Inspiration

Cognitive behavioral therapy (CBT) is a problem-focused psychotherapy treatment that teaches clients to identify and change unhelpful thinking patterns and behaviors. CBT has been successful in treating anxiety, depression, eating disorders, substance abuse disorders, marital problems, psychosis and personality disorders (Beck Institute for Cognitive Behavior Therapy, 2019).

CBT uses many different tools to help people change their thoughts and behavior. These include:

Changing thinking patterns. People are taught to recognize negative thoughts and replace them with more positive ones. This helps them think more realistically about situations.
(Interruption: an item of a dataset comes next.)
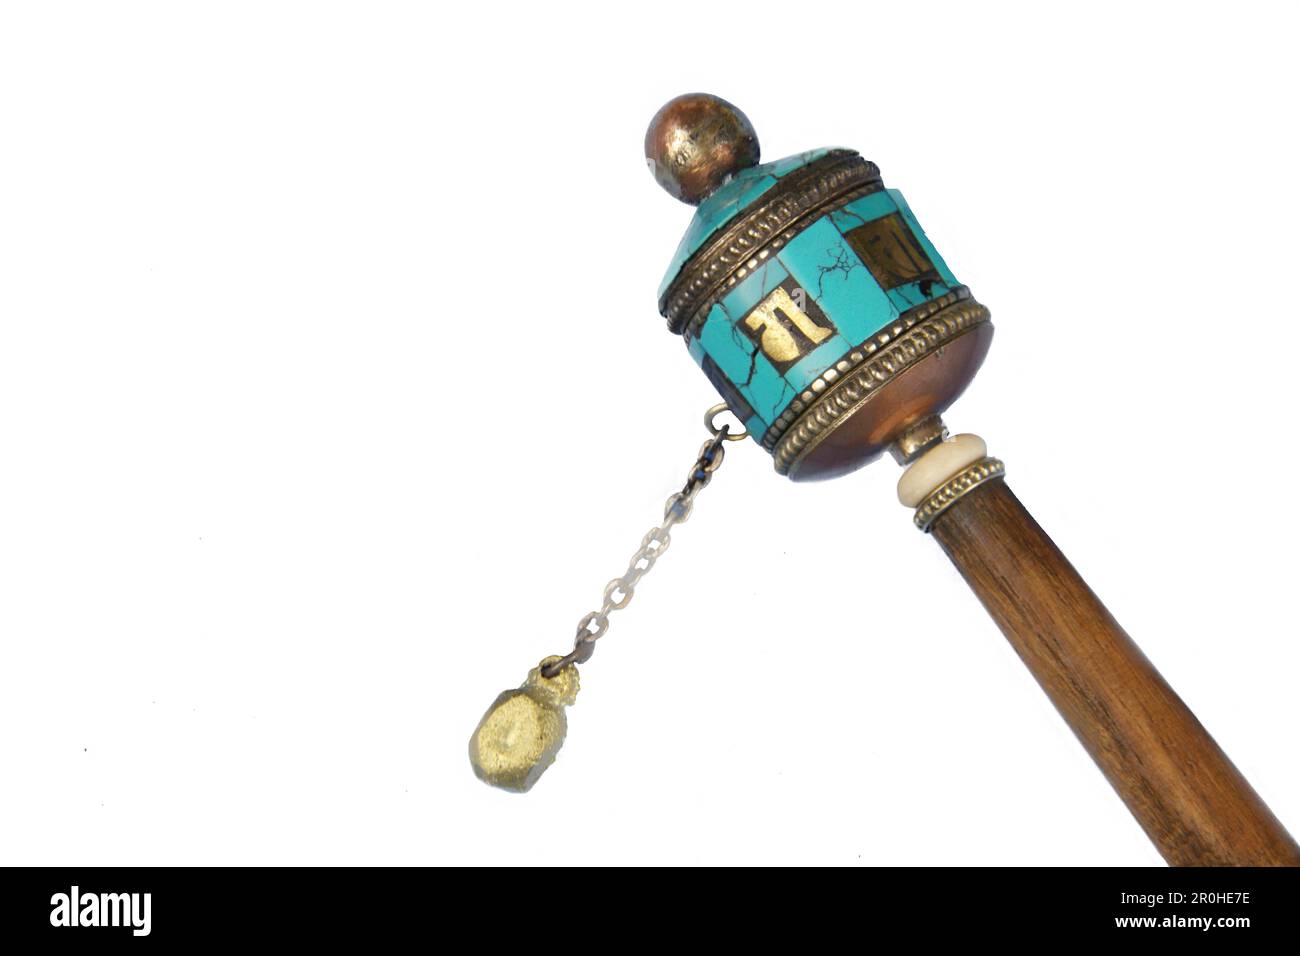 Prayer hand wheel in turquoise color, cutout, China, Tibet Stock Photo

Monitoring daily activities. Clients keep track of all their daily activities and how they feel about them by using a diary or journal. They can then use this information to determine the situations that lead to their negative thoughts and feelings.

Problem-solving skills training. Clients are given skills training so they can solve problems on their own.

Social skills training. Clients learn how to improve their communication skills and make friends more easily by practicing social interactions with each other in group therapy sessions (Beck Institute for Cognitive Behavior Therapy, 2019).

What it does

The rise of A. I can be seen in many fields and it had shown great results. so why not merge A. I with Cognitive Behavioral Therapy (CBT) and increase the access to mental healthcare especially In a country like India where we have very less regard for mental health also have very less mental health doctors.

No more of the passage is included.